> **Supplied records**:
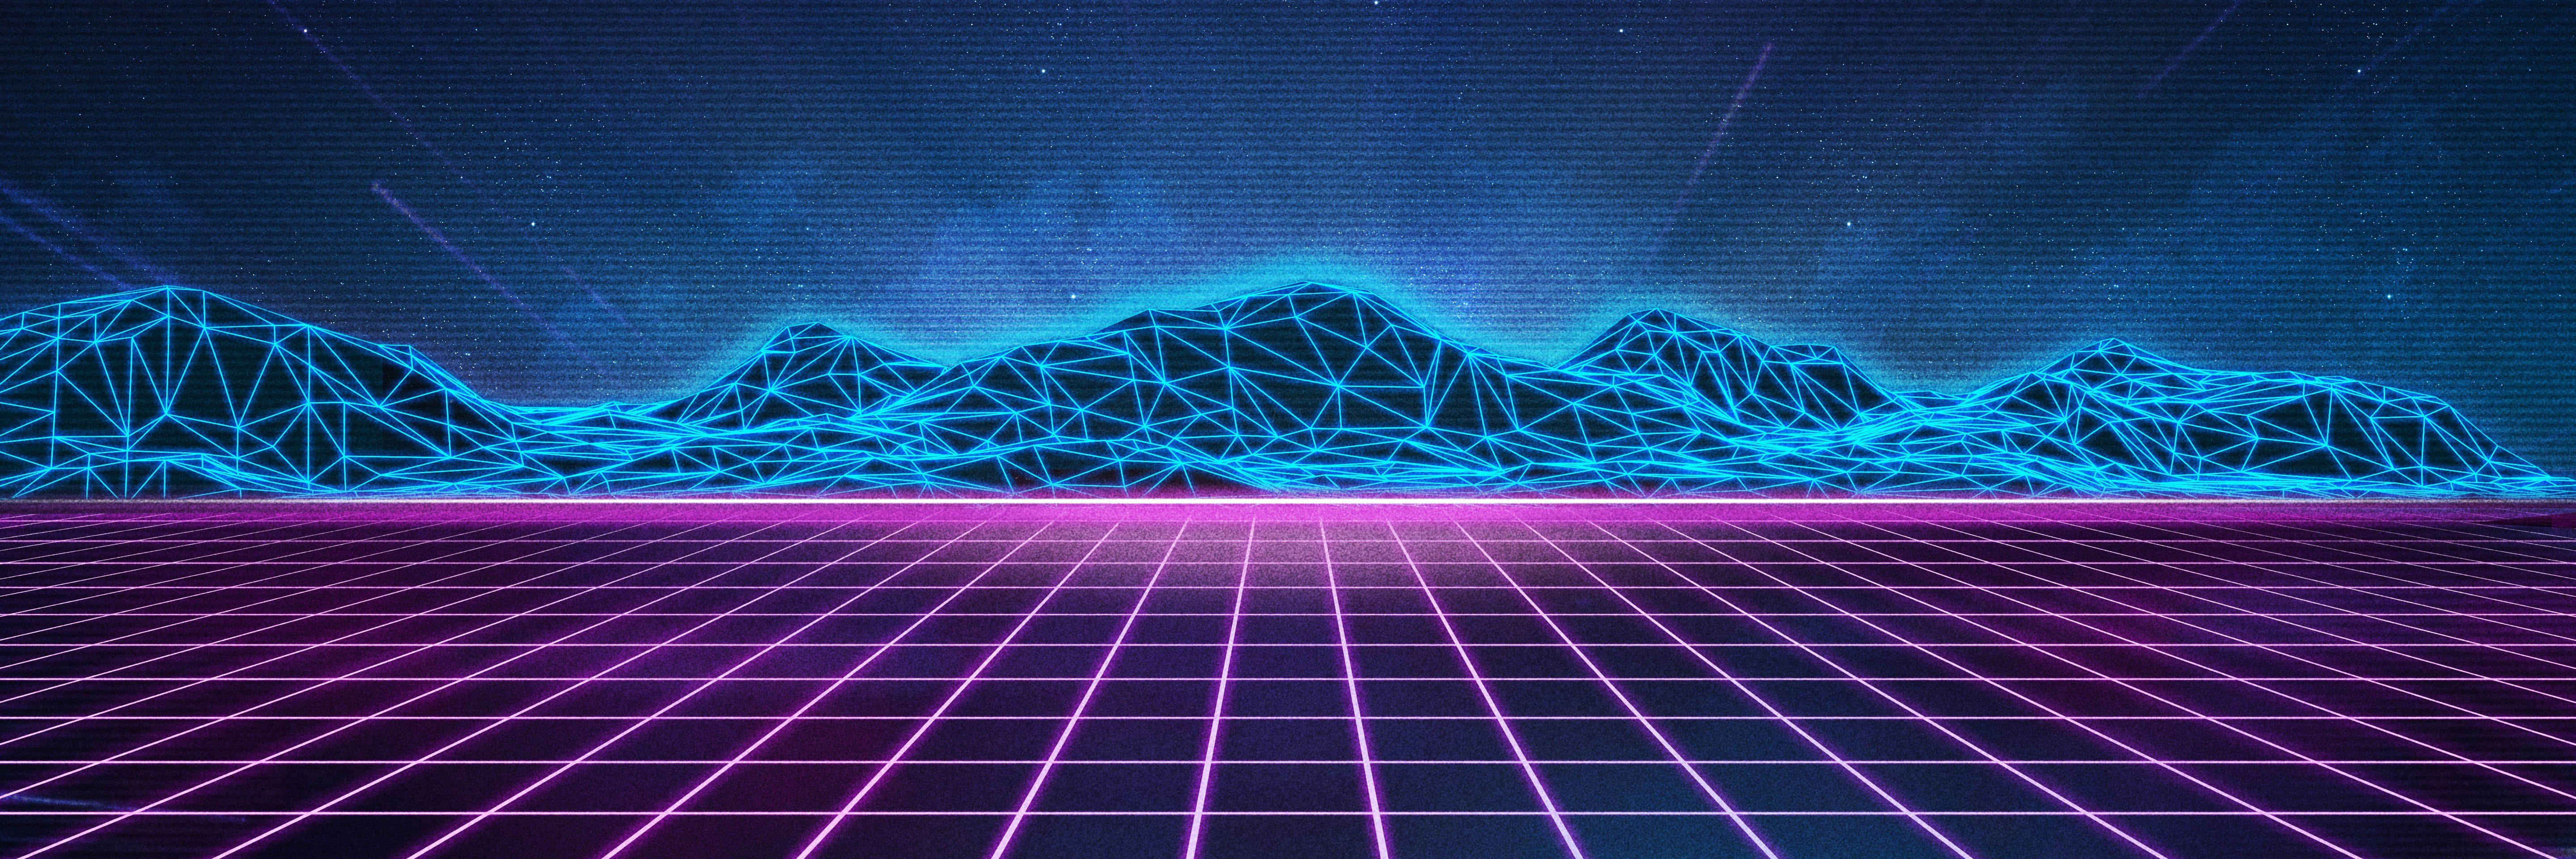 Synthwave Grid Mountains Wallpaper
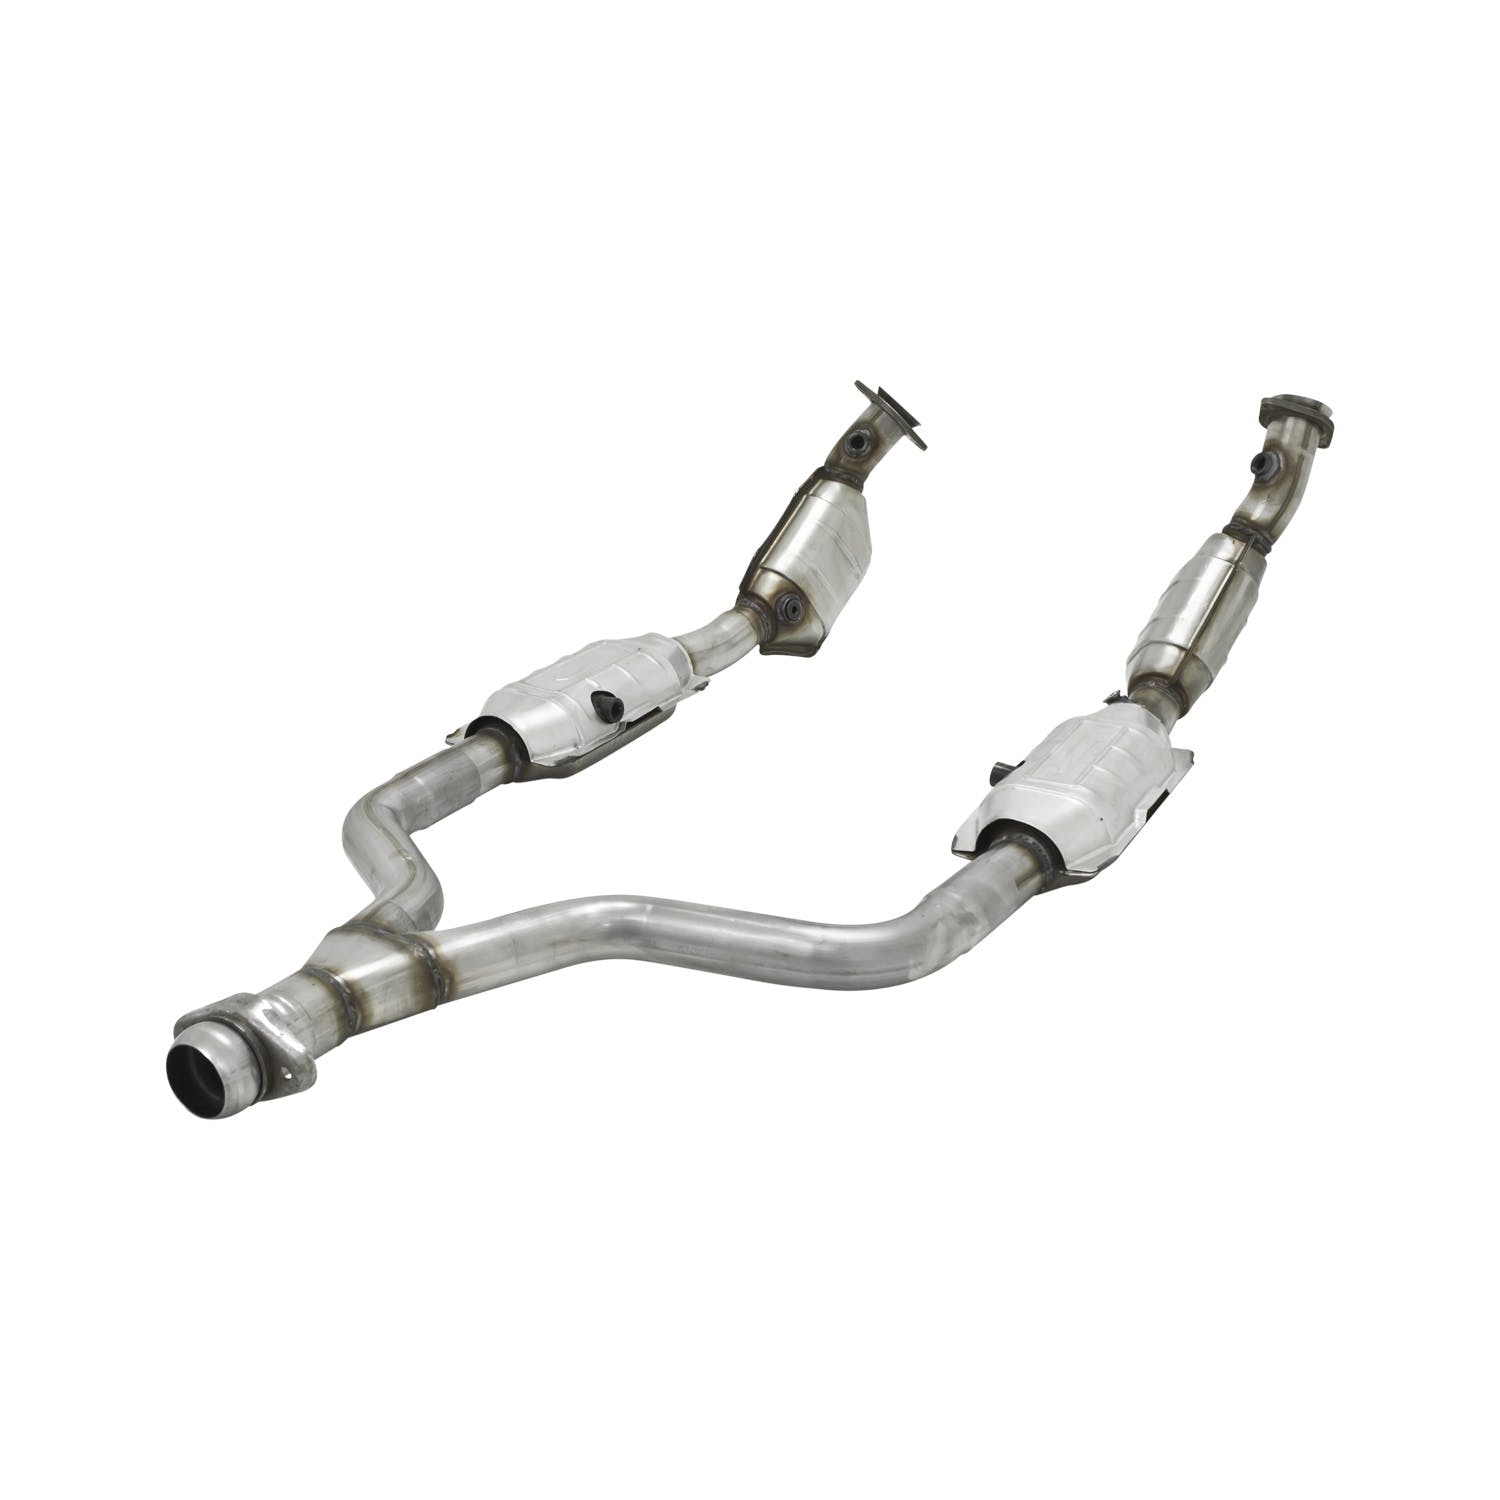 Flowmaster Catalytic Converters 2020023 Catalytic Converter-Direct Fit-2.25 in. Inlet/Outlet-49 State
...
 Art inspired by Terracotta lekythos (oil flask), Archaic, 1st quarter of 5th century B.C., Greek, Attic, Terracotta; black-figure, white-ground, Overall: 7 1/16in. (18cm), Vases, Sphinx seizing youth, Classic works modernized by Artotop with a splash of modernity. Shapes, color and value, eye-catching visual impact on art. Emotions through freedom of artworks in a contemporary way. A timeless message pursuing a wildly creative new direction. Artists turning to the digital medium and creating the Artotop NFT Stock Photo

> **Required work**: To complete this exercise, transcribe exactly the lines above from the one that holds "Synthwave Grid Mountains Wallpaper" through the one that holds "Flowmaster Catalytic Converters". Pictures stay out.

> **Exercise answer**:
 Synthwave Grid Mountains Wallpaper
 Flowmaster Catalytic Converters 2020023 Catalytic Converter-Direct Fit-2.25 in. Inlet/Outlet-49 State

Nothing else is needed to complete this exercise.